Payday is Thursday, so that’s the big night in the Transcontinental, a relative term that means about 20 drinkers, says manager Alan Wilson, who’s holding the fort with wife Bev while the owners are away. They live on the Yorke Peninsula now, closer to the grandkids, but if she had it her way, Bev would never have left the pub, which they managed for six years.
“You don’t have to dress up, there’s no hustle and bustle, you don’t have to be anybody different.” Together, they’ve worked in Aboriginal communities from Broom to Groote Island. Being an Aboriginal-owned pub means there’s no Sunday trading, closing is 8pm on a Saturday, and there’s no takeaway for spirits or cask wine.
Pubs aside, it could be a great sunset at one of the Track’s ultimate beauty spots, the Painted Desert, so we decide to push on down the road. About 80km between Oodnadatta and Cadney Homestead, on the Stuart Highway, the dirt road is slippery and slow going, and the 4WD skitters over pebbly corrugations. It’s like someone’s thrown a bag of marbles down the track.
The signposts are made from the base of 44-gallon drums, and marked with the now-familiar pink of Oodnadatta’s most colourful landmark, years of work by the Plates who have mapped and signposted this track to lure people up to the outback. “South Australia’s a very odd state, 70 per cent of its land area has no local government, so is condemned to third-world standards,” soapboxes Adam from his website, and you can’t but help agree, though the beauty of the landscape must help assuage their frustration.
There are storm clouds in the east, and the wind swipes at the metallic pebbles of the gibber plains, but the ochre, orange, caramel and white layers of the Painted Desert glow richly in the late afternoon sun. Remnants of an ancient sea bed 80 million years old, the wind and rain have whittled the landforms away to bare ridges, turrets and peaks – weathered warriors against the elements.
“You should have been here last night,” says Steven, reciting what surely is the traveller’s least-favourite refrain. A recent ring-in from Lismore in northern New South Wales, he’s one of nine staff running Cadney Homestead, a roadhouse on the Stuart Highway, where we leave the dirt track and feel the smooth hum of bitumen beneath the wheels, the first time in four days.

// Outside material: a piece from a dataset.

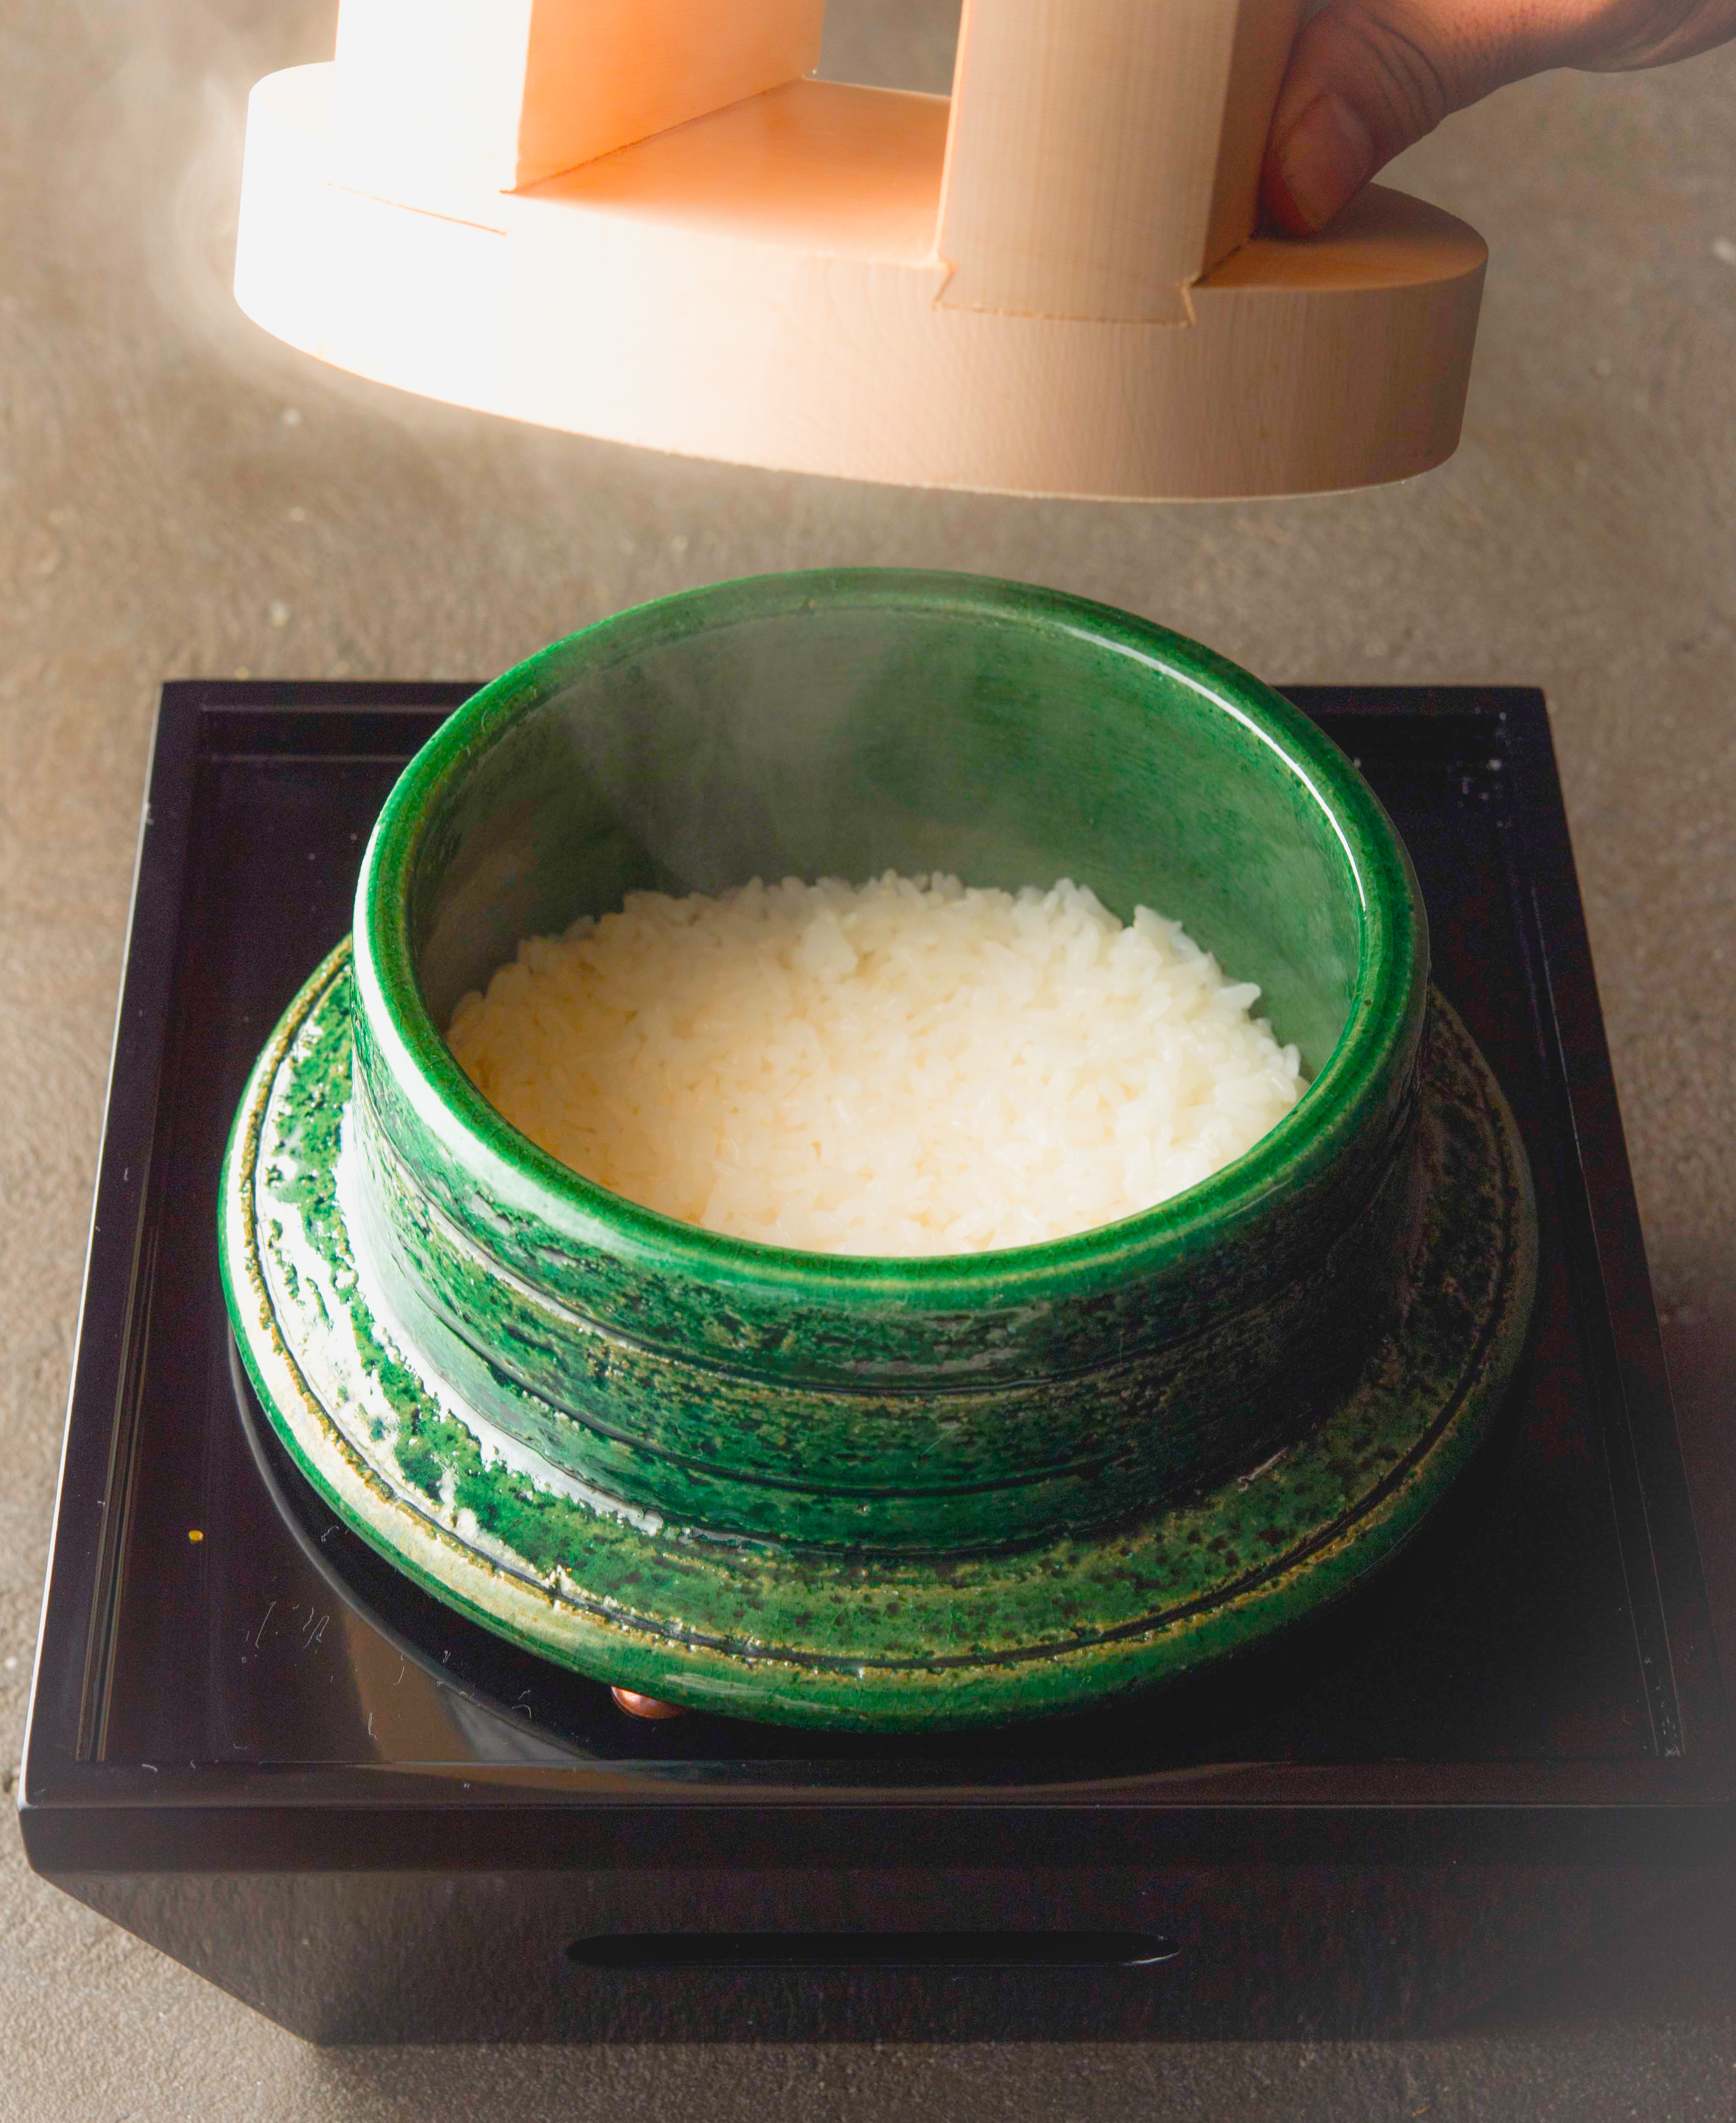 Yakiniku Oboshimeshi_Rice Cooked in a Clay Pot 

Apparently, last night the lads were out from Mt Willoughby station and there were a few travellers on the road, drinking in the cool, air-conditioned barn-like roadhouse. Tonight, however, there are just four of us. Steve’s packed up the Cattleman Bar’s stools and the other two patrons go to their cabin before the Saturday night movie kicks in, so we do the same.
Our final morning is soft and cool. “It’s a welcome change,” says a woman outside the homestead, enjoying an early morning cigarette. Road train driver Mark Pimblett is already for the next leg of his journey, his segmented rig taking advantage of the quiet roads. Passengers on the Greyhound bus heading north are taking the last chance to stretch their legs while their driver a contemplative, older man in the uniform of shorts and long socks, enjoys his tea and reads the papers he’s just brought up overnight from Adelaide. He cuts a lonely figure in the quiet roadhouse.
We pack our gear in the 4WD for the last time. We’re heading back down south, and Coober Pedy, whose population numbers just 1900, seems a metropolis. It feels like the adventure’s already over, though we’re still 1000km from the nearest capital city. We could head north to check out the Marla pub, or out to the little mining town of Mintabie, and Alice Springs, up and over the border, is only about five hours away… the next adventure is just down the track.